It was more a question of whether req_to_parent() works fine 
irrespective of whether the rq is a parent, child or single?

John.

>
>>> +		return request_to_parent(to) == request_to_parent(from);
>>> +
>>> +	return false;
>>> +}
>>> +
>>>    int
>>>    i915_request_await_execution(struct i915_request *rq,
>>>    			     struct dma_fence *fence)
>>> @@ -1356,11 +1375,14 @@ i915_request_await_execution(struct i915_request *rq,
>>>    		 * want to run our callback in all cases.
>>>    		 */
>>> -		if (dma_fence_is_i915(fence))
>>> +		if (dma_fence_is_i915(fence)) {
>>> +			if (is_same_parallel_context(rq, to_request(fence)))
>>> +				continue;
>>>    			ret = __i915_request_await_execution(rq,
>>>    							     to_request(fence));
>>> -		else
>>> +		} else {
>>>    			ret = i915_request_await_external(rq, fence);
>>> +		}
>>>    		if (ret < 0)
>>>    			return ret;
>>>    	} while (--nchild);
>>> @@ -1461,10 +1483,13 @@ i915_request_await_dma_fence(struct i915_request *rq, struct dma_fence *fence)
>>>    						 fence))
>>>    			continue;
>>> -		if (dma_fence_is_i915(fence))
>>> +		if (dma_fence_is_i915(fence)) {
>>> +			if (is_same_parallel_context(rq, to_request(fence)))
>>> +				continue;
>>>    			ret = i915_request_await_request(rq, to_request(fence));
>>> -		else
>>> +		} else {
>>>    			ret = i915_request_await_external(rq, fence);
>>> +		}
>>>    		if (ret < 0)
>>>    			return ret;
>>> @@ -1539,16 +1564,6 @@ i915_request_await_object(struct i915_request *to,
>>>    	return ret;
>>>    }
>>> -static inline bool is_parallel_rq(struct i915_request *rq)
>>> -{
>>> -	return intel_context_is_parallel(rq->context);
>>> -}
>>> -
>>> -static inline struct intel_context *request_to_parent(struct i915_request *rq)
>>> -{
>>> -	return intel_context_to_parent(rq->context);
>>> -}
>>> -
>>>    static struct i915_request *
>>>    __i915_request_ensure_parallel_ordering(struct i915_request *rq,
>>>    					struct intel_timeline *timeline)

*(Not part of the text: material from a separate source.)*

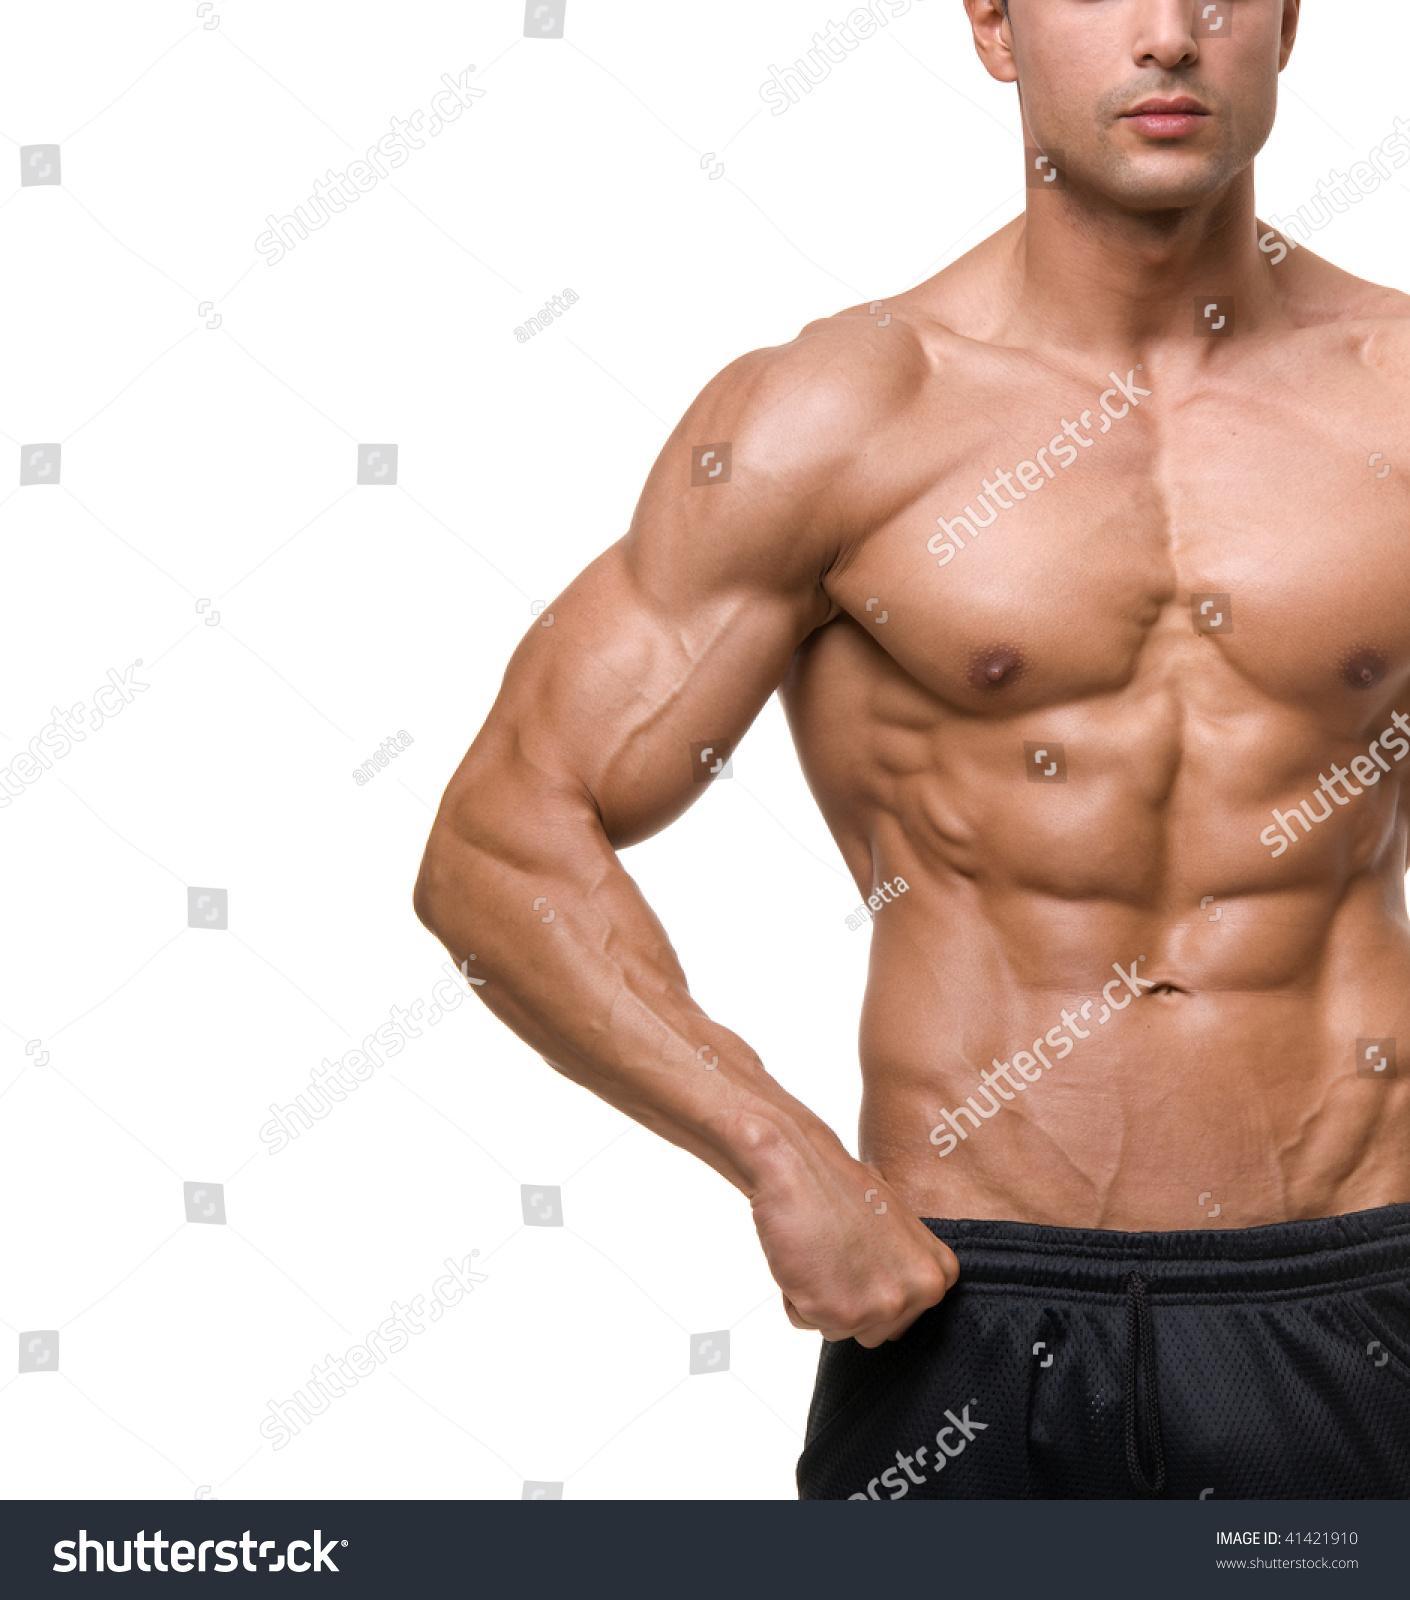 Bodybuilding man Stock Photo 01 free download

^ permalink raw reply	[flat|nested] 165+ messages in thread

* Re: [PATCH 23/26] drm/i915: Make request conflict tracking understand parallel submits
  2021-10-13  0:32       ` [Intel-gfx] " Matthew Brost
@ 2021-10-13 19:35         ` John Harrison
  -1 siblings, 0 replies; 165+ messages in thread
From: John Harrison @ 2021-10-13 19:35 UTC (permalink / raw)
  To: Matthew Brost; +Cc: intel-gfx, dri-devel, daniele.ceraolospurio

On 10/12/2021 17:32, Matthew Brost wrote:
> On Tue, Oct 12, 2021 at 03:08:05PM -0700, John Harrison wrote:
>> On 10/4/2021 15:06, Matthew Brost wrote:
>>> If an object in the excl or shared slot is a composite fence from a
>>> parallel submit and the current request in the conflict tracking is from
>>> the same parallel context there is no need to enforce ordering as the
>>> ordering already implicit. Make the request conflict tracking understand
>> ordering already -> ordering is already
>>
> Yep.
>
>>> this by comparing the parents parallel fence values and skipping the
>> parents -> parent's
>>
> Yep.
>
>>> conflict insertion if the values match.
>> Presumably, this is to cope with the fact that the parallel submit fences do
>> not look like regular submission fences. And hence the existing code that
>> says 'new fence belongs to same context as old fence, so safe to ignore'
>> does not work with parallel submission. However, this change does not appear
> Yes. The check for 'if (fence->context == rq->fence.context)' doesn't
> work with parallel submission as each rq->fence.context corresponds to a
> timeline. With parallel submission each intel_context in the parallel
> submit has its own timeline (seqno) so the compare fails for different
> intel_context within the same parallel submit. This is the reason for
> the additional compare on parallel submits parents, if they have the
> same parent it is the same parallel submission and there is no need to
> enforce additional ordering.
>
>> to be adding parallel submit support to an existing 'same context' check. It
>> seems to be a brand new check that does not exist for single submission.
>> What makes parallel submit different? If we aren't skipping same context
>> fences for single submits, why do we need it for parallel? Conversely, if we
>> need it for parallel then why don't we need it for single?
>>
> I'm confused by what you are asking here. The existing same context
> check is fine for parallel submits - it will just return true when we
> compare requests with the same intel_context and new additional check
> only true parallel submissions with the same parent.
>
>> And if the single submission version is simply somewhere else in the code,
>> why do the parallel version here instead of at the same place?
>>
> Again I'm confused by what you are asking. We might just need to sync on
> a quick call.
That's okay. I think I had partly confused myself ;).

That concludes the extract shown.